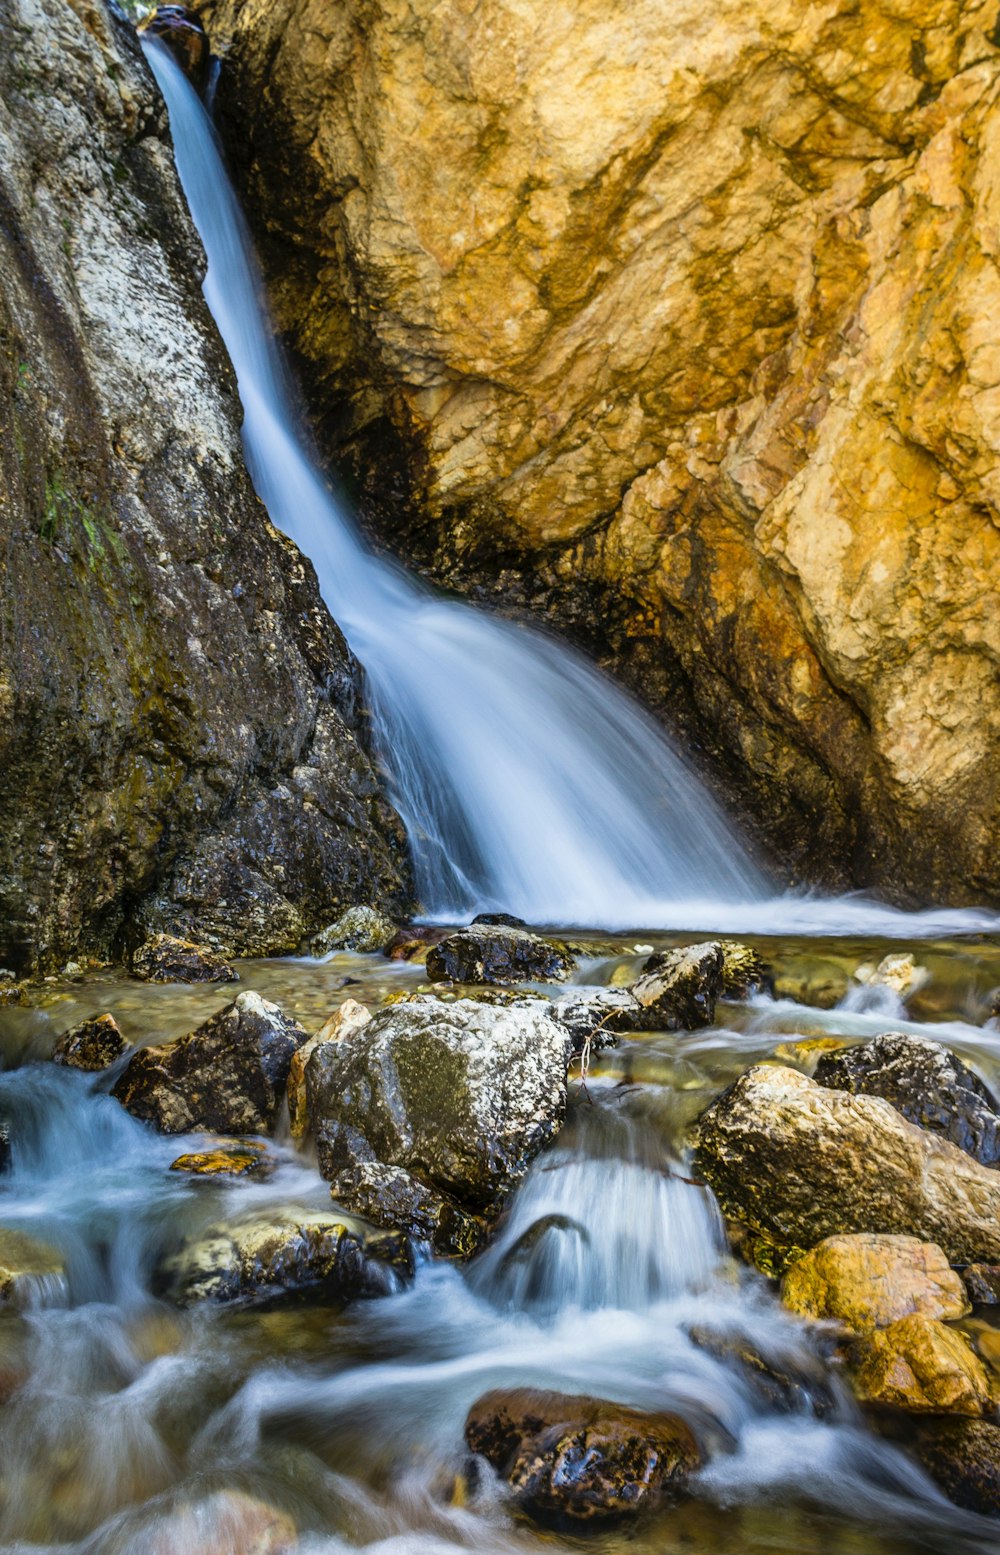 a small waterfall flowing over rocks into a river
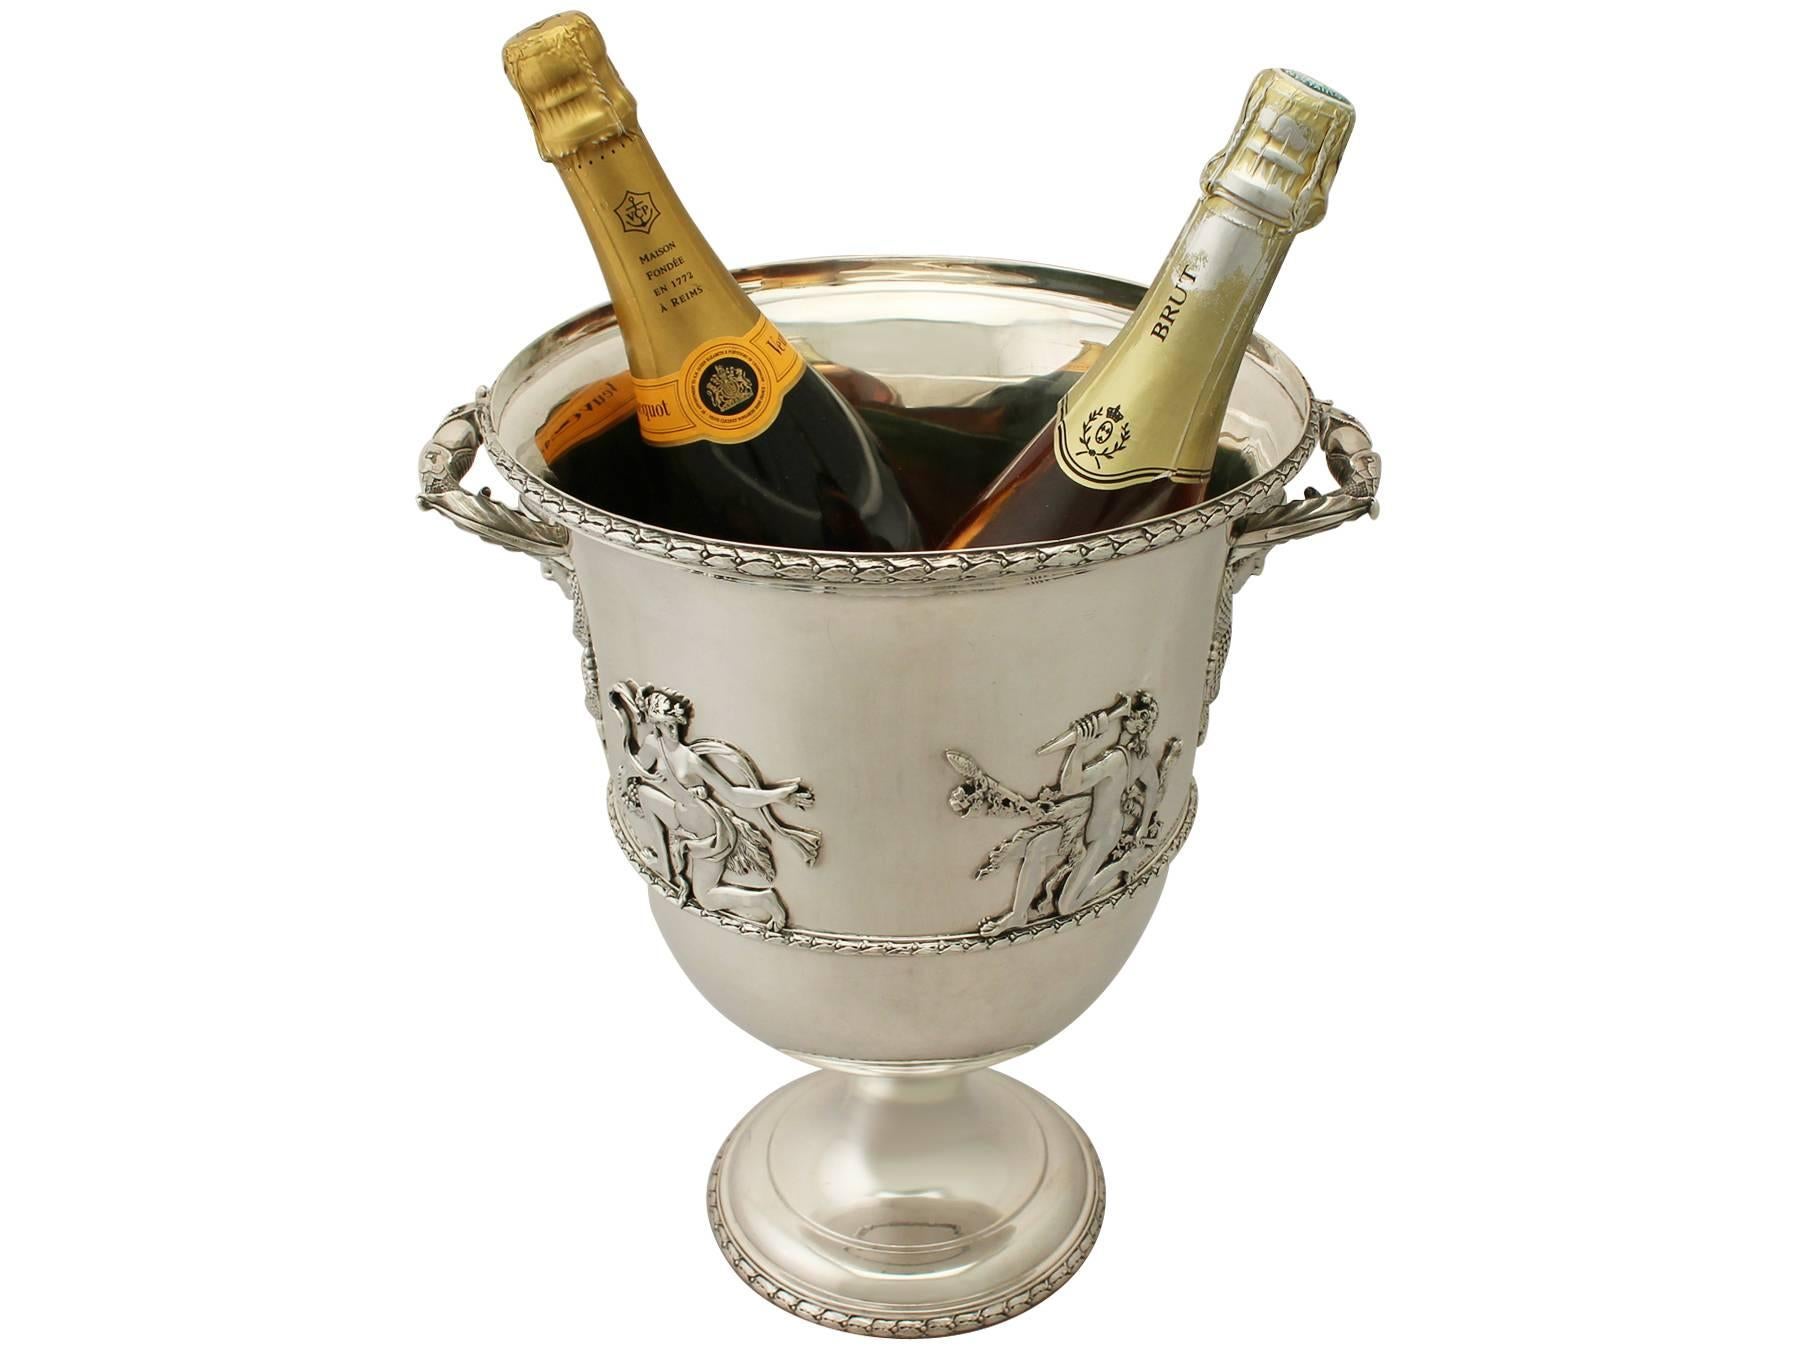 A magnificent, fine and impressive, large antique Edwardian English sterling silver wine/champagne cooler made by Charles Stuart Harris; an addition to our presentation silverware collection

This magnificent antique Edwardian sterling silver

• [TRY IT]
Could you retype the whole listing word for word, minus its pictures?

• [THE COMPLETED TASK]
 a small waterfall flowing over rocks into a river
 A magnificent, fine and impressive, large antique Edwardian English sterling silver wine/champagne cooler made by Charles Stuart Harris; an addition to our presentation silverware collection

This magnificent antique Edwardian sterling silver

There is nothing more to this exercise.